More proof for antioxidant protection against AMD, this time for carotenoids, comes from the Eye Disease CaseControl Study (EDCCS). Researchers recruited subjects from five major American ophthalmology clinics aged fiftyfive to eighty who had a diagnosis of AMD. They found that carotenoid intake reduced AMD risk, and the relationship was linear, meaning that the higher the intake, the lower the risk. People in the group with the highest carotenoid intake had a 43 percent lower risk compared to other subjects.
The study also compared the effects of different carotenoids and found that lutein and zeaxanthin were the most effective in protecting against AMD. The EDCCS authors concluded that "increased intake of foods rich in antioxidants, especially certain carotenoids, may reduce the risk of developing advanced AMD."
Alzheimer's Disease
Not many other words conjure up more dread than Alzheimer's disease (AD). This disease now affects only 5 percent of the U.S. population, but as the number of elderly Americans continues to increase, those affected by Alzheimer's will also increase. New studies are offering hope, however, in the form of antioxidant nutrients. In 1996, an in vitro, or lab, study reported intriguing results which suggested that the degenerative damage associated with AD might be oxidative in nature.
One of the problems in studying AD is that the only way to make a definite diagnosis of AD is by doing an autopsy on a person who has died of the disease. To make the diagnosis, the pathologist looks for a protein, called amyloid, which invades the brain. Besides being a marker for diagnosis, scientists now believe that this protein causes the devastating symptoms of AD.
Based on this theory, researchers of the 1996 in vitro study placed strips of rat blood vessels in solutions containing amyloid. The amyloid interacted with cells in the blood vessels to produce an excess of free radicals, which in turn caused changes in the structure and function of the tissue. The changes included narrowing of the blood vessels, suggesting that this could occur in the brain of AD patients, causing diminished brain function.
Carrying the experiment a step further, they repeated the test but first soaked the blood vessel strips with a powerful antioxidant. When they placed the antioxidant soaked strips in the amyloid solution, blood vessel strips protected by the antioxidant did not become narrowed. The researchers think that the amyloid in the brains of Alzheimer's patients causes narrowing in the brain's blood vessels by inducing free radical damage. And, more important, antioxidants may prevent the damage that amyloid causes.

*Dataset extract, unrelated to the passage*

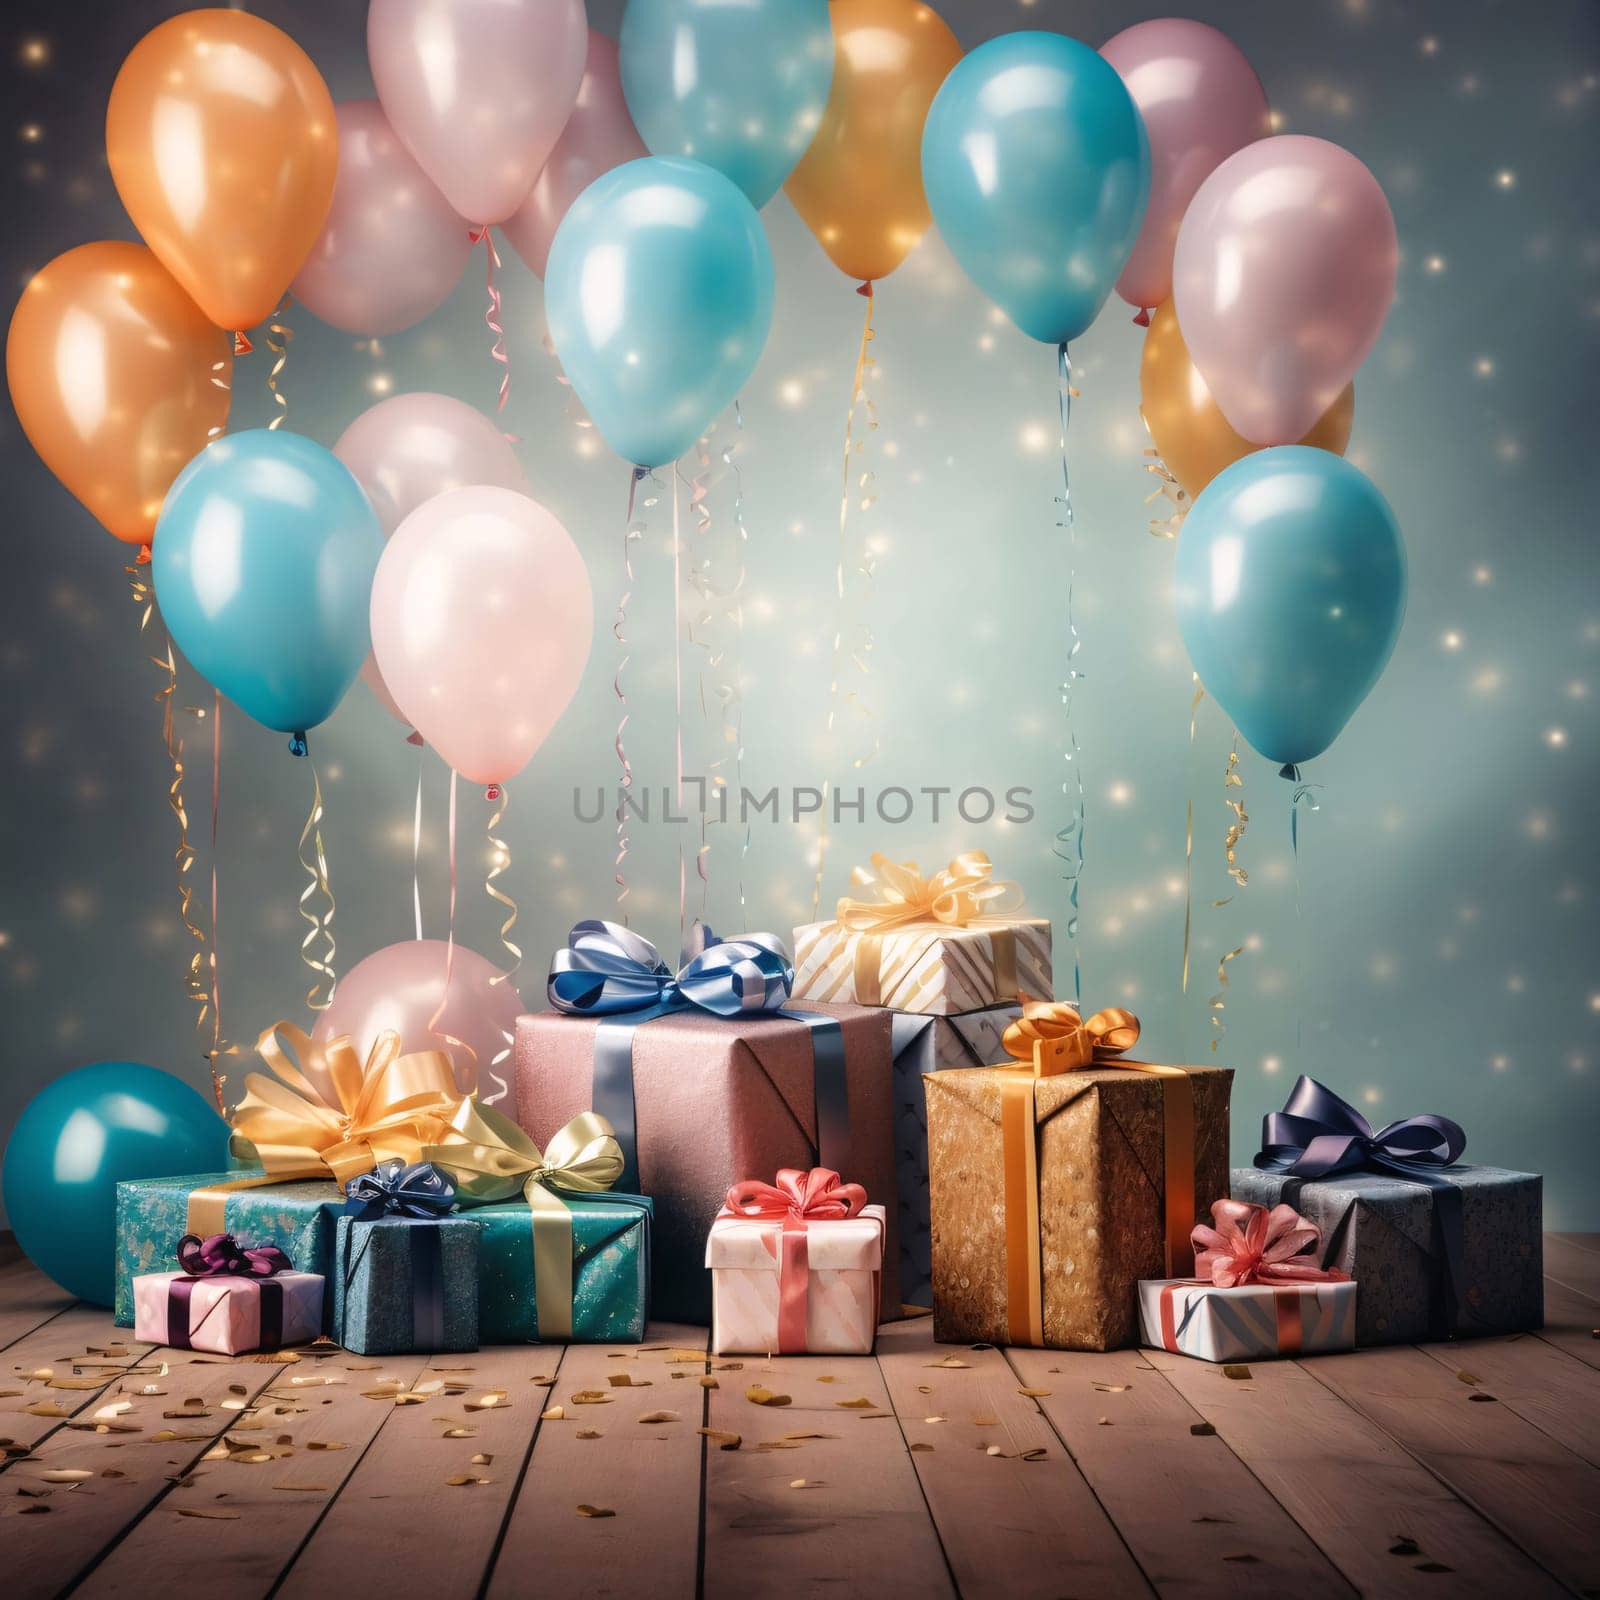 Many colorful gifts with bows, colorful rainbow balloons, blurred background.Valentine's Day banner with space for your own content. by ThemesS

The real test for any theory of human disease, however, has to be in humans themselves. A recent study put the antioxidant hypothesis to the test in 341 patients who had moderately severe cases of AD. In this two-year study, researchers used three treatments and a control group who received no treatment: an antioxidant called selegiline (10 mg/day), vitamin E (2,000 IV a day), and both selegiline and vitamin E. They measured the time from the beginning of the study of several outcomes: the occurrence of death, the need for institutionalization, the loss of the ability to perform basic activities of daily living, and the onset of severe dementia. The results were remarkable and supported the antioxidant theory: patients taking selegiline or vitamin E and the combination therapy had major delays in the time to all of the negative outcomes compared with patients in the control group. The authors believe that in patients with moderately severe AD, treatment with selegiline or vitamin E can slow the progression of disease.